It is noteworthy that all of these properties (enhanced nutrition-sensitivity, steep allometry slopes, and disproportionately large final trait sizes) are characteristic of the most extreme and exaggerated morphological structures in insects (Emlen and Nijhout, 2000) and of the enlarged ornaments and weapons of sexual selection in general (Andersson, 1994; Cotton et al., 2004). It is tempting to speculate that the evolution of extreme sizes in these charismatic traits resulted from something as simple as genetic changes to the sensitivity of their cells to insulin or other nutrition-dependent physiological signals.

One way to begin to test these ideas involves a comparison of insulin sensitivity across the different traits within a species. We predict that traits that have steep and positive allometry slopes should be exquisitely sensitive to insulin signals (e.g., wings, horns). Other traits that are insensitive to nutrition and have shallow allometry slopes should be relatively insensitive to insulin signals (e.g., the genitalia). What we are suggesting is that the degree of phenotypic plasticity or canalization of trait expression could result from disc-specific differences in their sensitivity to circulating insulin signals (Shingleton et al., 2007).

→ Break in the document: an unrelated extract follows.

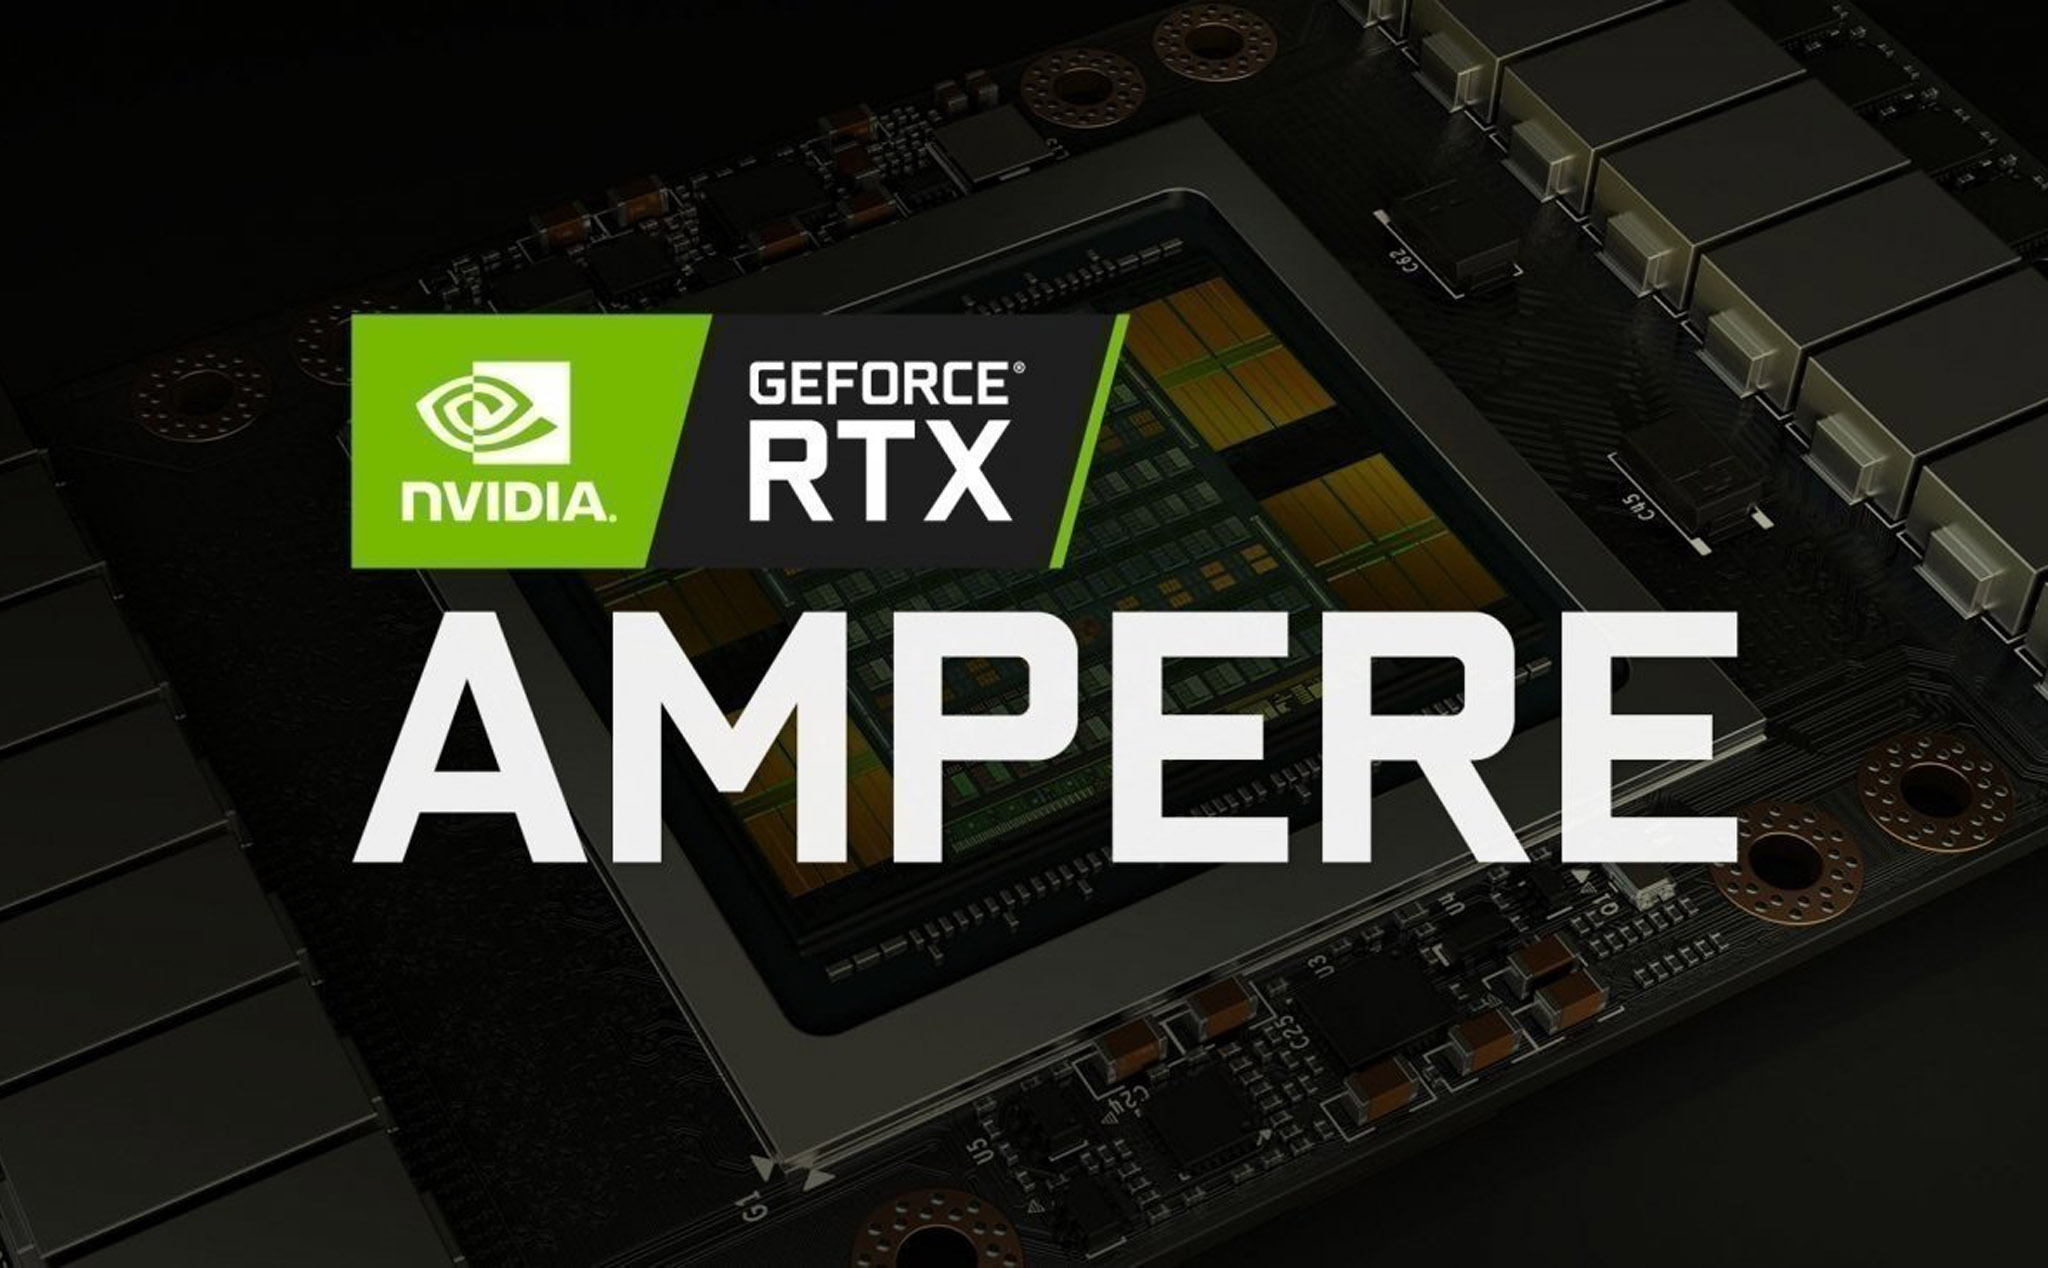 Nvidia tổ chức sự kiện ngày 14/5 với thông điệp “Get Amped”: RTX Ampere chuẩn bị ra mắt?

In Drosophila trait differences in nutrition-dependent plasticity and allometry result at least in part from disc-specific differences in their responsiveness to insulin signals. Recent experiments by Shingleton et al. (2005) showed that traits like wings were sensitive to both insulin and to perturbations to the InR, whereas the genitalia were not. Growth of the genitalia was almost entirely unaffected by perturbations to the InR. This important study confirmed that activity of the InR pathway does affect trait allometry. Results from several other studies where genetic perturbations to elements of this pathway were examined show this as well (e.g., Goberdhan and Wilson, 2002; Mirth et al., 2005).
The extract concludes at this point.